Interdisciplinary Art and Design Practices
The Interdisciplinary Art and Design Practices Seminar investigates art and design work in the interdisciplinary modalities of contemporary culture, the city, and the world. As artists and designers respond to challenges of global magnitude and their local impacts, engage with cross-cultural and often conflicting conditions, and operate in disparate economic and societal realms, the need for increased engagement and collaboration is paramount. The complexity present in the context of action—economic, social, political, cultural, and ecological— frequently requires interdisciplinary approaches accompanied by cross-pollinating knowledge and skillsets.
Stemming from socially engaged art and design practices, and relational aesthetics, this seminar aims to develop artistic tools and approaches that challenge disciplinary boundaries that crossover and interact with communities, policymakers, institutions, and various experts and help cultivate new forms of interdisciplinary knowledge.

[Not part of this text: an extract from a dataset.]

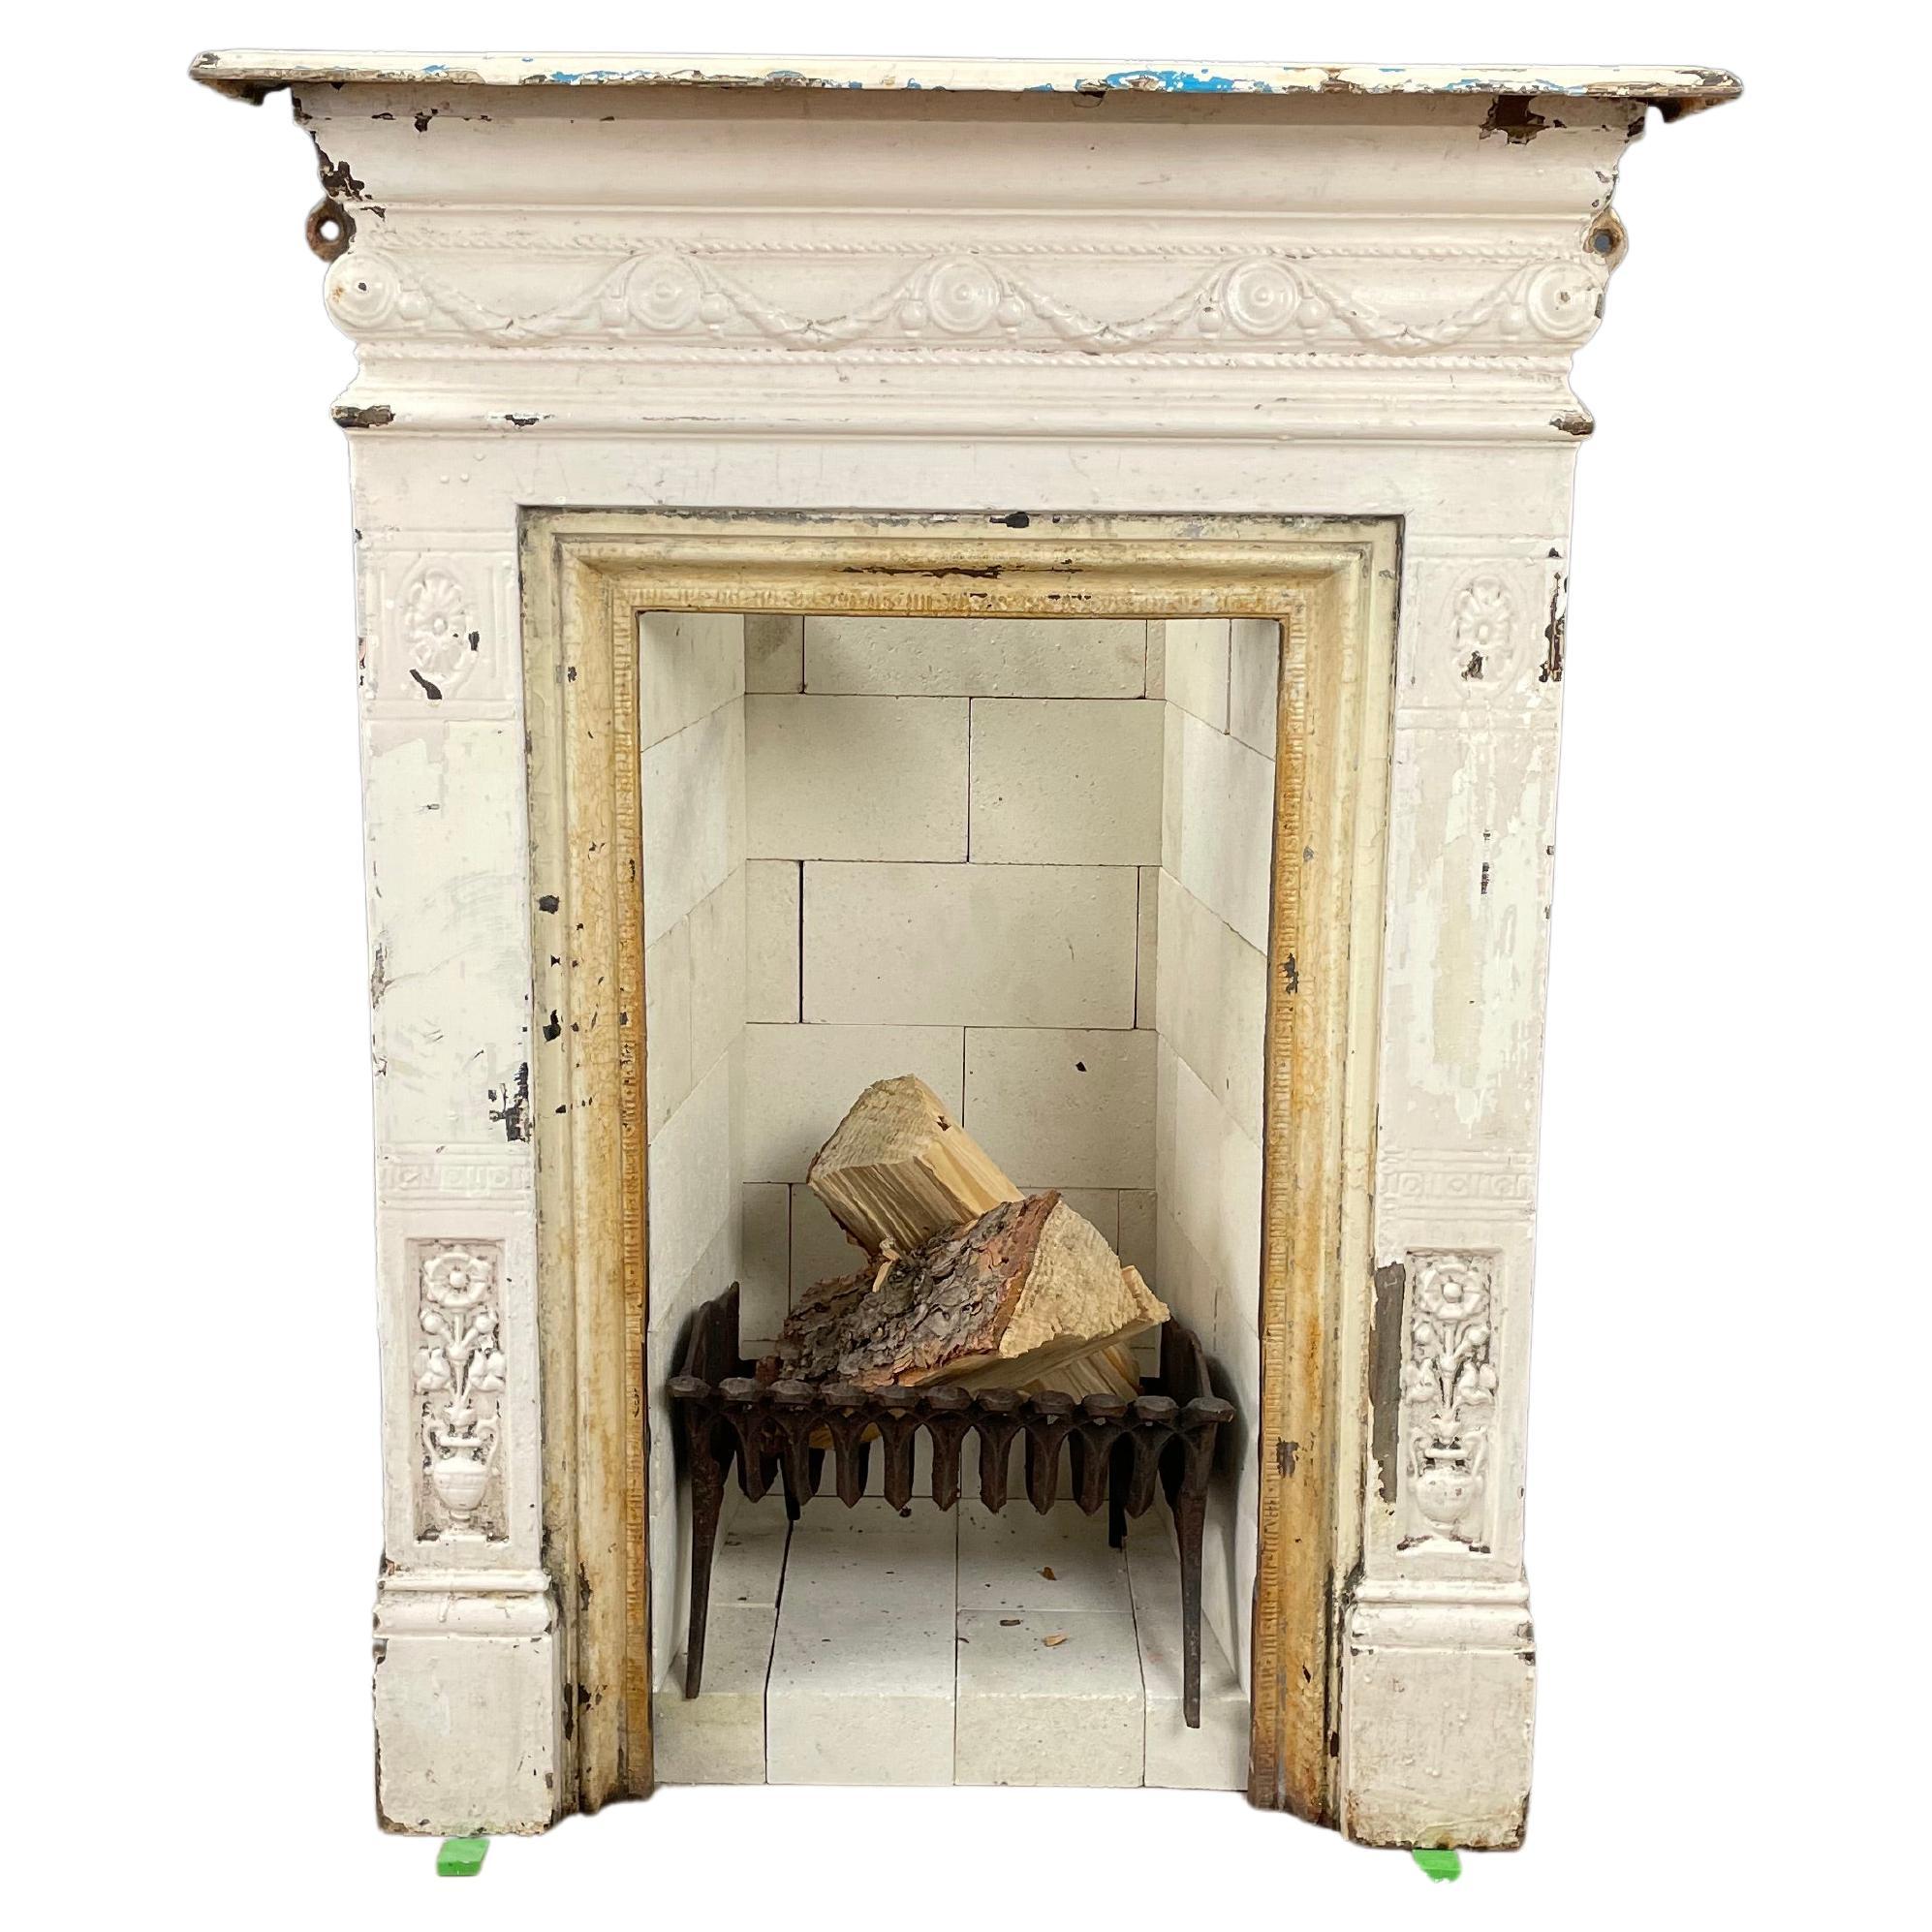 English Antique Cast Iron Fireplace Original Patina Including Refractory Bricks For Sale

As art and design practices move from art in public space to art in the public interest (M. Kwon), their participatory and relational makeup can generate platforms and agencies that question dominant culture, construct new practices, establish new subjectivities, and subvert existing configurations of power (C. Mouffe).
This semester, we will explore the theme of survival in times of an endangered and uncertain future. As humans have become dangerous not only to themselves but also to the whole biosphere (H. Jonas), we need to reimagine strategies, pragmatic processes, effective assemblies, and spaces of collective survival that may release us from the "dead hand of the past that clutches us by way of living people who are too frightened to accept change." (K. S. Robinson, The Ministry for the Future). Throughout the semester, we will engage in a series of conversations with the United Nations Office for Disarmament Affairs while examining nuclear energy sites, including uranium mines, power reactors, testing sites, and all sorts of exclusion zones in various geographies, and their complex multitemporal implications on human, nonhuman life, and the planet.
Practice-oriented, this seminar at the intersection of art, design, and activism includes lectures and assignments dedicated to exploring artistic tools and methods and the context in which they perform.